What brought Dr. Volandes to this work? Early in his career, he had the experience of caring for a man with an end stage illness who could neither express his wishes nor had family to express them for him. His last days became a whirlwind of extreme measures, many of which may have caused pain, all of which were unnecessary. Deeply affected by this experience, Dr. Volandes began to look for, and develop, a better approach.
He began by showing patients with terminal diagnoses what areas like the ICU looked like, what a ventilator was and how it was used, what their care might look like and be like, giving them a frame of reference for their decisions. While this approach had some benefits, he realized that this was not optimal or even feasible for all patients. Instead, he began to explore using videos to help people make informed choices. These videos are done in clear language, paced to aid understanding and kept short and as simple as possible. When a patient has a diagnosis that might warrant certain decisions, they are, as a matter of course, shown the appropriate video to help them learn about the choices that face them.
The results have been powerful with people choosing with much more knowledge and preparation. Their choices, not surprisingly, have tended to move from “do everything” to “do everything up to” and even to “do what is necessary to keep me pain free.” There is no pressure to choose one option over another, just a chance to learn and make choices from a place of understanding rather than assumption or even ignorance.

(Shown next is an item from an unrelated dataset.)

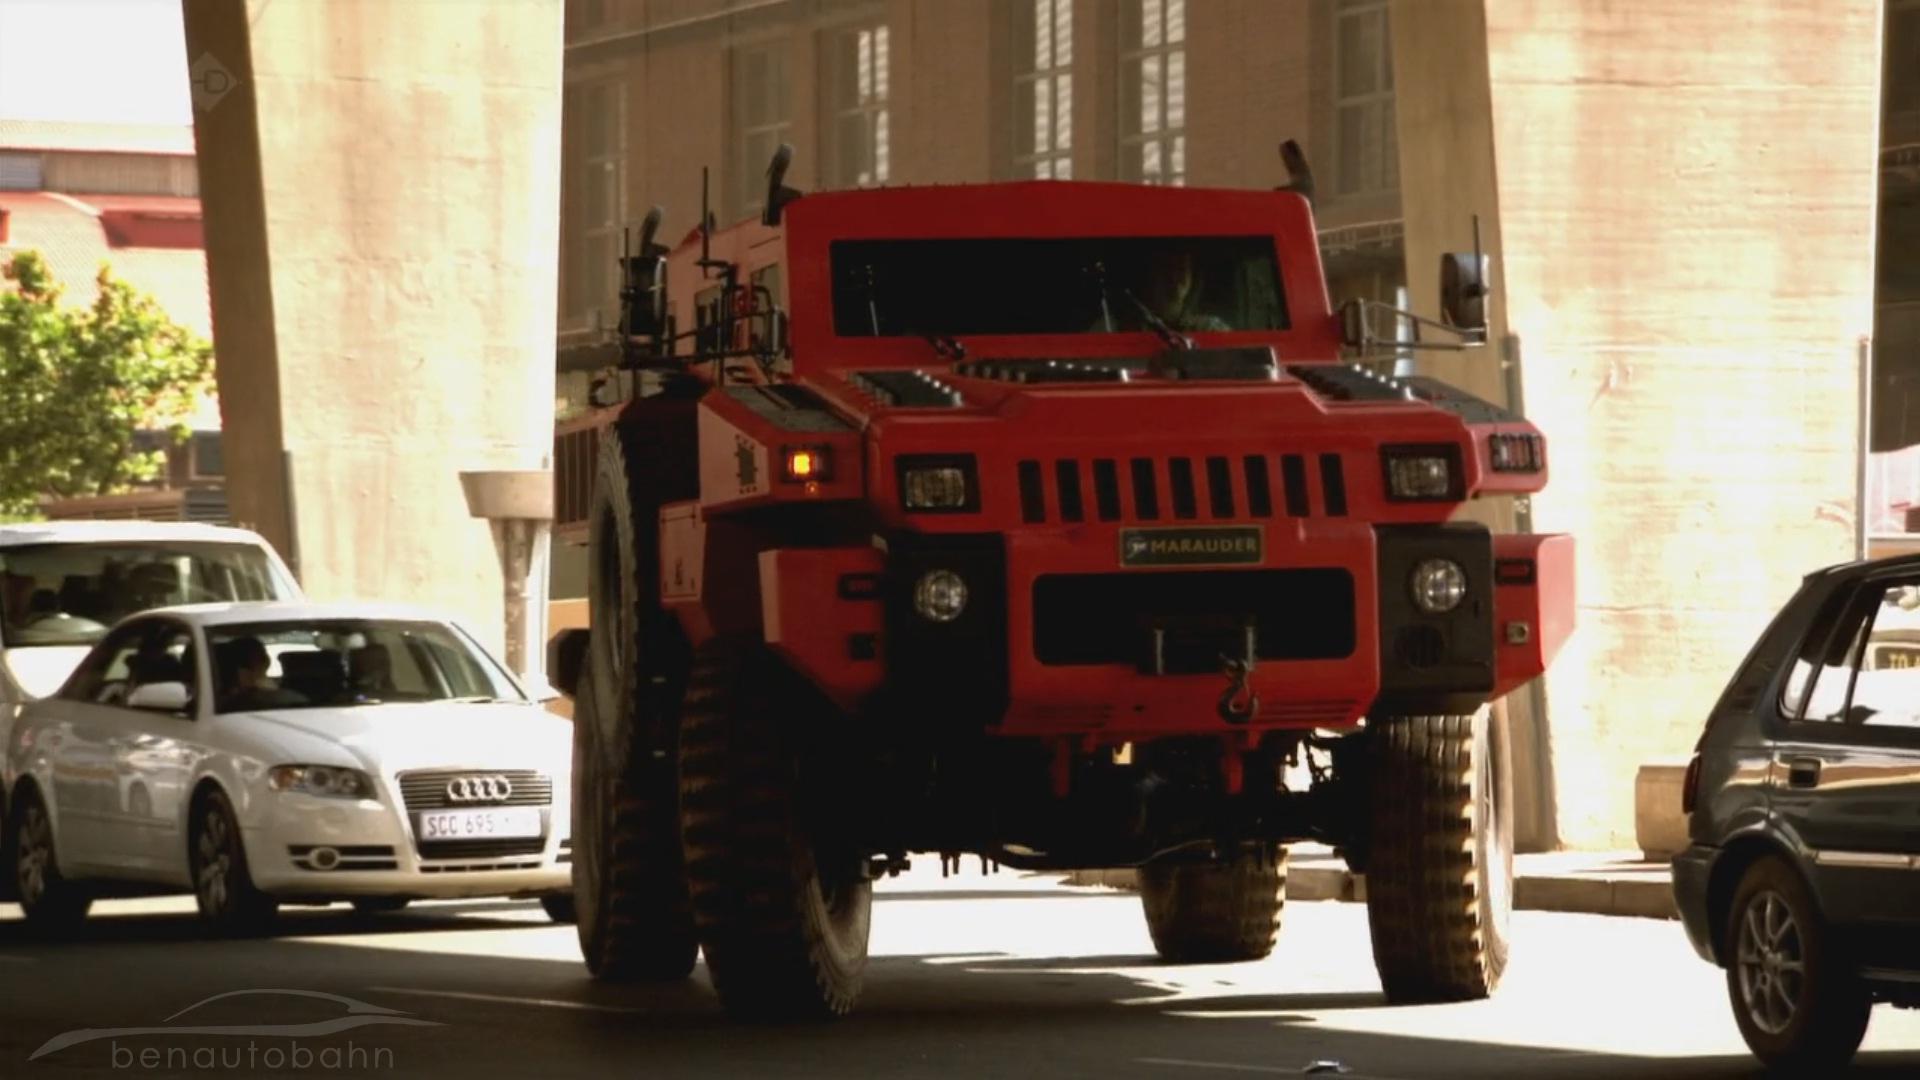 Top Gear Season 17 Episode 1 Review Benautobahn

Many of us, perhaps most of us, who work in healthcare have had experiences akin to the one that started Dr. Volandes on his journey. We work hard to help individuals, and families, make choices that are right and respectful for the individual. Yet there is far more to do. To embrace this kind of approach, despite the fact that it may seem simple and obvious, is complex. It represents a major shift for healthcare providers, taking a step back from always and automatically approaching situations with a “curative” mindset and taking a step back from the belief that “we know best” for the patient. The learning has to occur with all of us who are care providers as well as with patients and it is founded on one principle we must understand, embrace and take to heart—that individuals have the ability to make their own choices, that we must remember that, respect it and ask the question. We must have the conversations with one another, with those we care for and their families and even within our own families. In doing that we will truly bring reality to the words Dr. Volandes used, that “a life well lived deserves a good ending.”